My Yogurt-making Virginity.

The other day I ordered viili yogurt culture from a site that was recommended by a blog that I follow, and a few days later I received the delivery (which also included a cheese-making kit I purchased). Of course, I wouldn't wait to get started on making my own yogurt, and begin the process right away.

First, I had to run to the store to get some high quality milk. The biggest thing was to ensure I didn't get an ultra-pasturized product, which would cause my culture not to set properly.

I chose Kalona Super Natural Organic Whole Milk. It's produced just a few miles away, and was one of the only organic selections in the store that wasn't ultra-pasteurized (pasteurized at a super high temperature). I'm also going to use this brand of milk to make mozzarella cheese this weekend. 

The batch I started with is small - just one cup of milk and a packet of culture. One thing the instructions made very clear was to use only glass or wood utensils. No metal.

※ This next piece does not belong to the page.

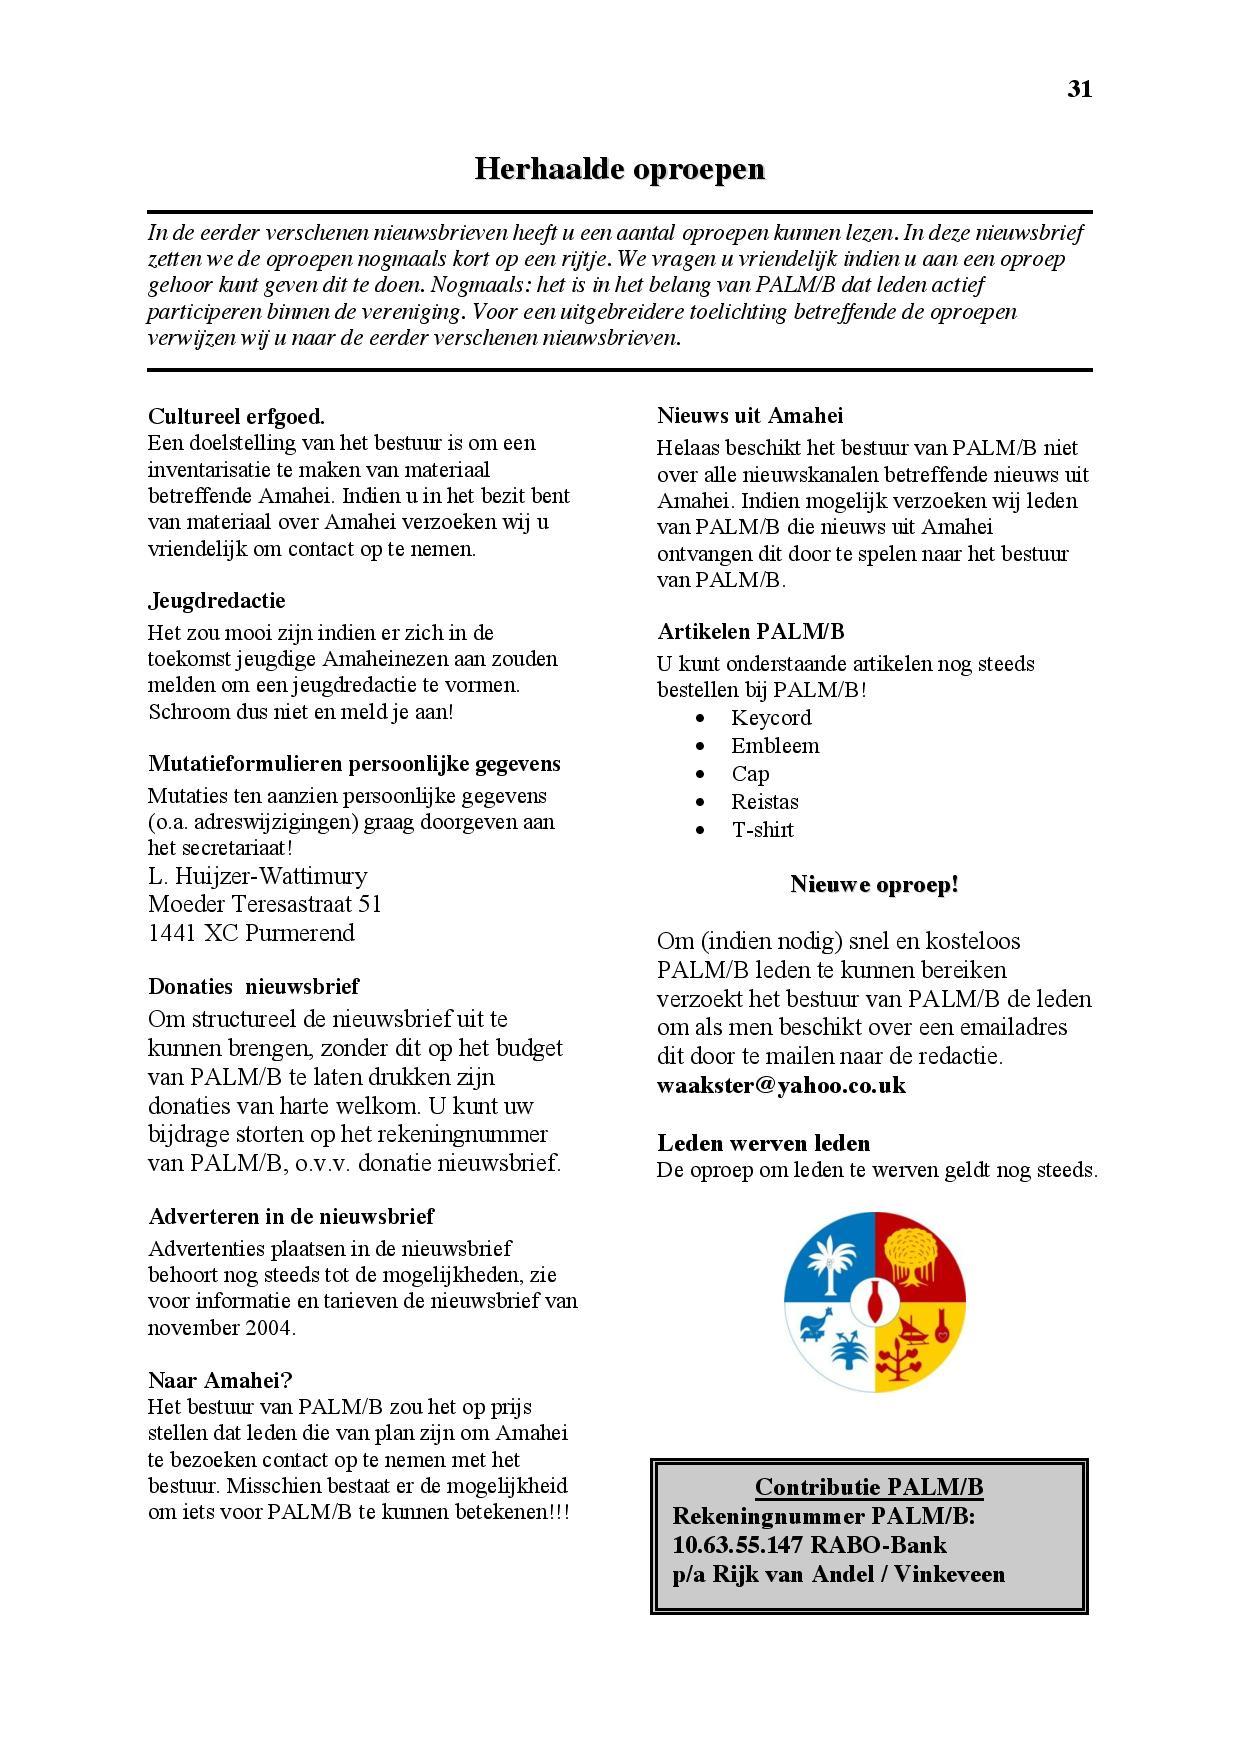 Saka Mese 3e jaargang nr. 02-2007 definitieve webversie-page-031

After that, I wait. Yep. That's it. Put this bad boy on the counter in a draft free place and wait for about 6 to 48 hours for the yogurt to set to the desired consistency, or until it pulls away from the side of the jar when tipped.

I'm on hour 36. 

And counting...

Over and out. 

**Note: I was experiencing internet issues when posting, so some of you may have read a post that ended abruptly. My apologies. 


  1. Hey,
    How is your yogurt making going?

    1. VERY WELL! One of my jars "died" while I was in Arkansas, but otherwise I am a yogurt master! Actually, far from it, but it feels pretty good to be a little bit closer to self-sufficiency.